THE Victorian government is investing more than $100 million in tobacco companies despite efforts to reduce smoking rates in the community.
The state government's investment management organisation, the Victorian Funds Management Corporation, says of its investment assets, worth $37.9 billion, that 0.3 per cent is placed in the tobacco industry.
This brings its tobacco investment to about $117 million — nearly four times the New South Wales government's allocation of $30 million.
The VFMC manages investments for public sector organisations including insurers and superannuation funds. Clients include the Department of Health, the Transport Accident Commission, Victorian Managed Insurance Authority, WorkSafe, the Royal Children's Hospital and the University of Melbourne.
The head of client services for the corporation, Malcolm Ashbolt, said although it had decided to stop investing in cluster munitions in recent years, it had no intention of divesting in tobacco companies, which were chosen by external investment managers, not the VFMC.
He said the group's main objective was to provide funds management services to the state in a "commercially effective, efficient and competitive manner".
Doctors and health groups said the investment was outrageous and hypocritical when governments were trying to reduce the damage tobacco caused to people's health.
The executive director of Quit Victoria, Fiona Sharkie, called for the government to abandon its investment because it undermined Australia's tobacco control measures including plain packaging.
"It's really in conflict with the governments' health objectives.
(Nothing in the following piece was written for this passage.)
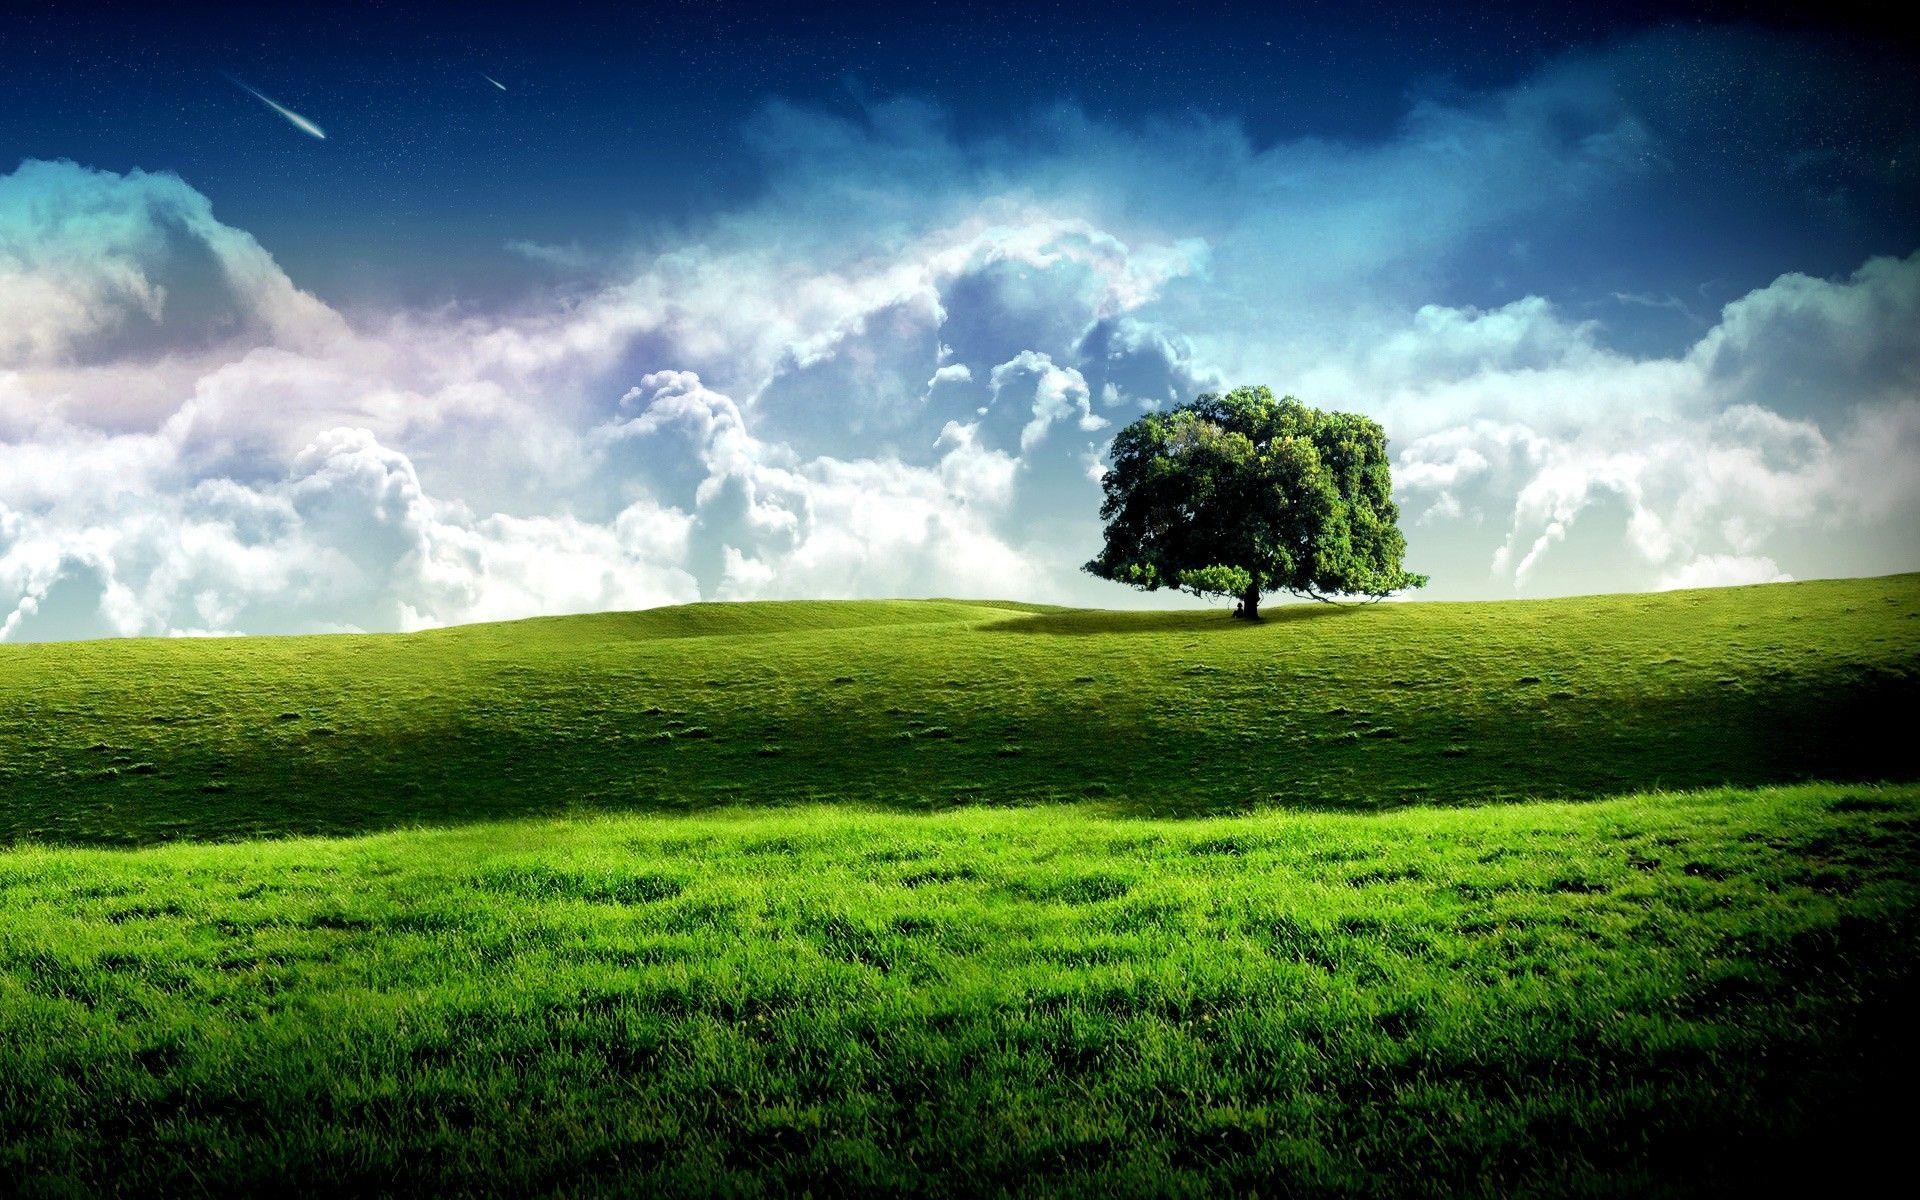 Natural Landscape Wallpaper Hd Wallpapers Pretty In 2020 Landscape Wallpaper Landscape Photography Beautiful Nature

Tobacco has been on the health agenda for the federal and state governments for years, so on the one hand they're saying we're investing in tobacco control but on the other hand they're saying we're investing in the companies," she said.
The chief executive of Action on Smoking and Health Australia, Anne Jones, said if the VFMC abandoned investments in cluster munitions, it should pull its money out of tobacco companies.
"Cluster bombs injure and kill about 17,000 people a year and tobacco kills just under 6 million people a year worldwide," she said.
Ms Jones said deaths caused by tobacco were predicted to reach 10 million by 2025, with most of the deaths in poor and middle-income earning countries.
"It's outrageous. These are countries we are sending AusAID to to reduce tobacco diseases," she said.
Dr Bronwyn King, a radiation oncologist at Peter MacCallum Cancer Centre who successfully lobbied a superannuation company to drop its investments in tobacco this year, also called for the Victorian government to follow suit. "As a cancer doctor, every single day I see the devastating effects tobacco has on individuals and their families," she said.
While the NSW government committed to reviewing its investment in tobacco companies this week, a spokeswoman for Victorian Treasurer Kim Wells would not comment on the matter except to say the VFMC was required to invest in accordance with its commercial objectives.
"Under legislation, the Treasurer cannot direct the VFMC in relation to an investment decision," she said.